Snow marked the leading edge of warm and moist air surging in for many communities in Central and Northern New England - and parts of Southern New England, too - but this happened with a southerly wind which means it's not long to last in the most Central and Southern areas. Nonetheless, reports of a solid coating to an inch are coming back from especially elevated inland terrain. Warm advection continues on a southerly wind overnight as dewpoints rise and temp is forced upward overnight will result in areas of fog that will be most dense along the South Coast. Fog and low clouds will start the day Tuesday but a pocket of drier air from 800 mb upward comes thru midday onward and should induce breaks in the overcast, esp with the assistance of downsloping flow. With such a mild air in place - producing highs in the 50s and 60s today under plenty of clouds to our south and west - it should be easy to break 60 where the sun emerges and widespread 50s are anticipated elsewhere. Convective available potential energy (CAPE) climbs to over 250 J/kg in Western New England in advance of the vorticity maximum that will fire a line of convection to our west that should carry into New England during the afternoon and evening. These prefrontal storms should come in two rounds - and I'm uncertain of which one will have the best focus. The first is with a mid-level shortwave riding ahead of the main energy center and ahead of the surface front. This will have less instability to work with as it moves from 18Z in Western New England to a position off the coast by 00Z. At least some convective activity seems likely with this line. The next comes along the surface front, which will feature great low level convergence and available surface based instability, but drier air aloft and lower topped convection. Any storms that do develop in the first round will feed off of a moist sounding to produce heavy downpours and the potential for wet microbursts in an environment featuring 50-60+ kt winds through a very deep layer of the atmosphere, mostly unidirectional out of the southwest, implying straight-line wind damage is a threat with the afternoon convection from 18Z onward, and winds will remain strong for the evening line, too.
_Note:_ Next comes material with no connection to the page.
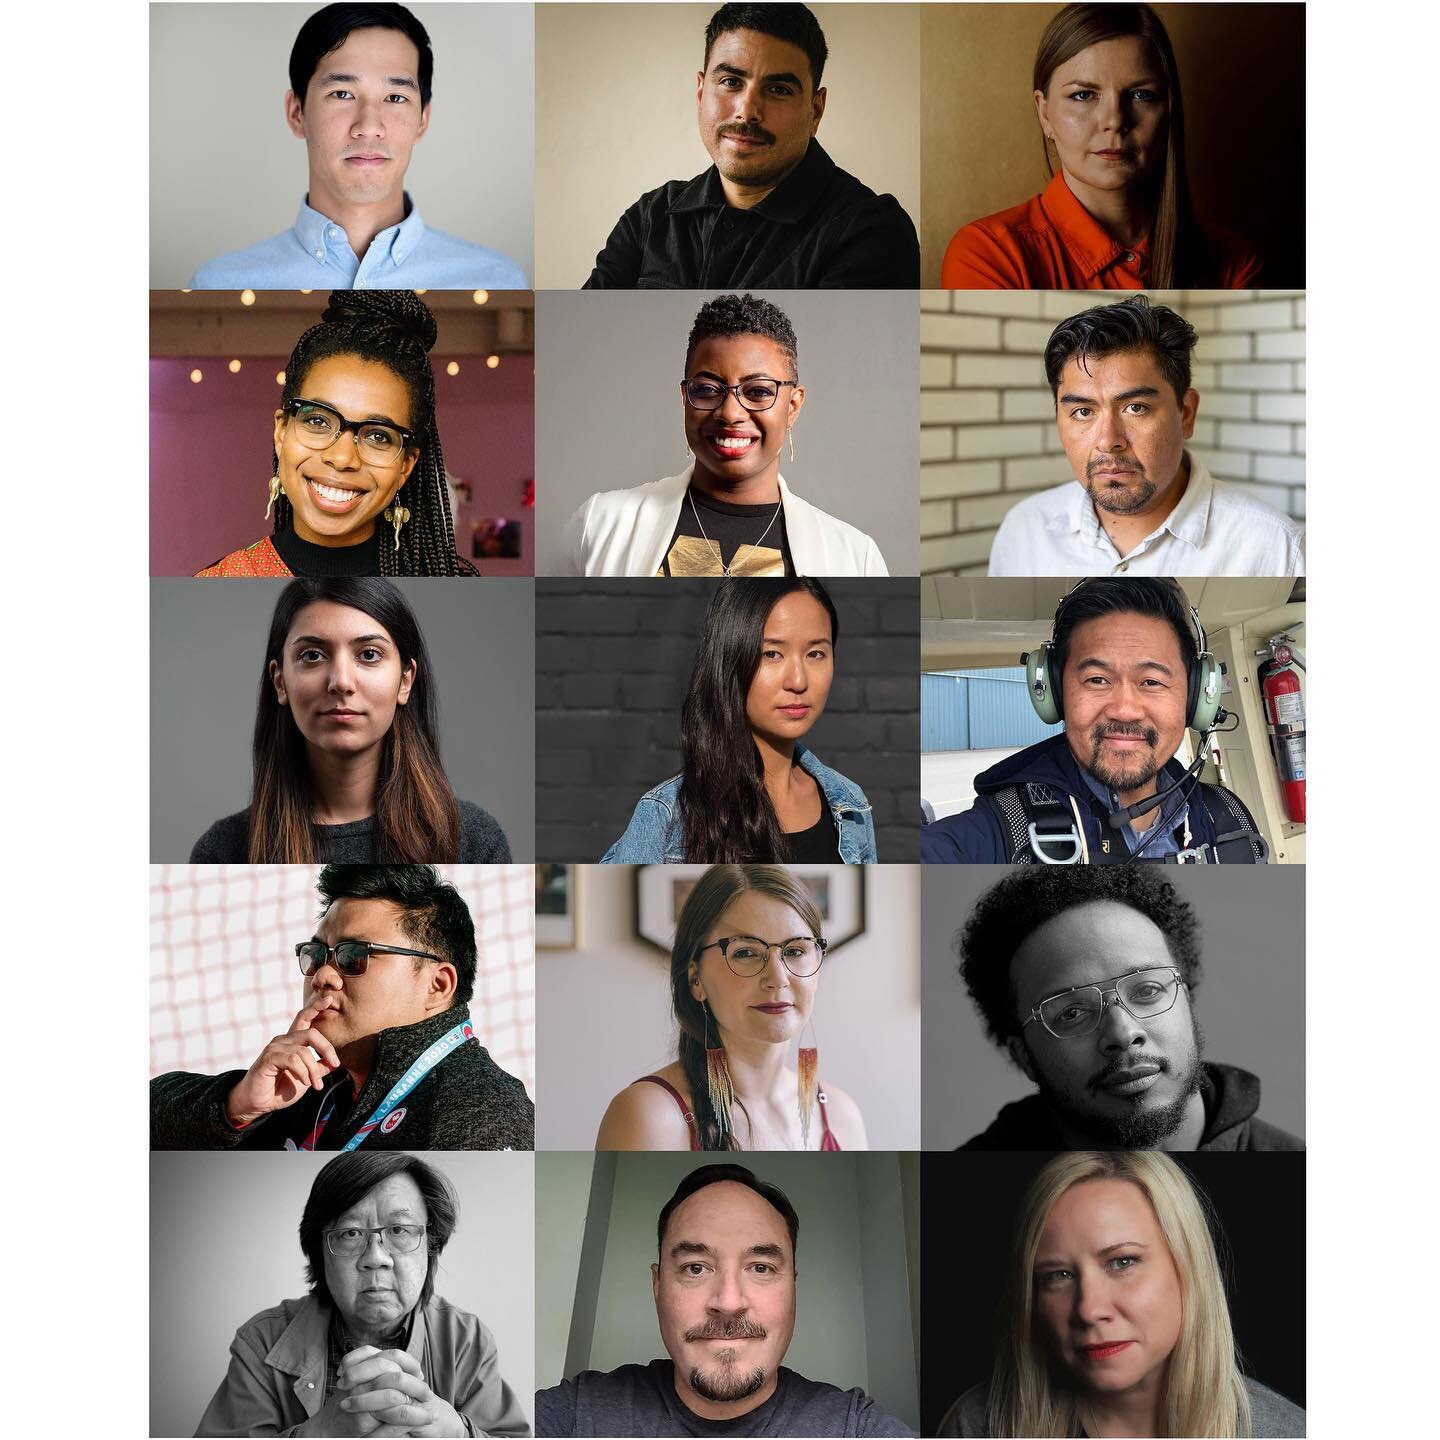 What a fine and talented bunch. Meet your 2022 Room Up Front team of mentors and organizers. They really are here to help and make room for you. Apply. Our deadline is Friday. Please help amplify.

It's over Tuesday night and dry/cool advection settles in for a nice Wed/Thu. Next storm has huge differences between the guidance for Friday, with the ECMWF, Canadian GEM and GFS running the gamut, but most agree on a healthy tropical tap into New England for developing precip. The concern I have is lingering cold in Northern New England so I've kept a chance of some snow there.
Matt
This would be the areas first Spring thunderstorm assuming Matt isn't playing us for fools.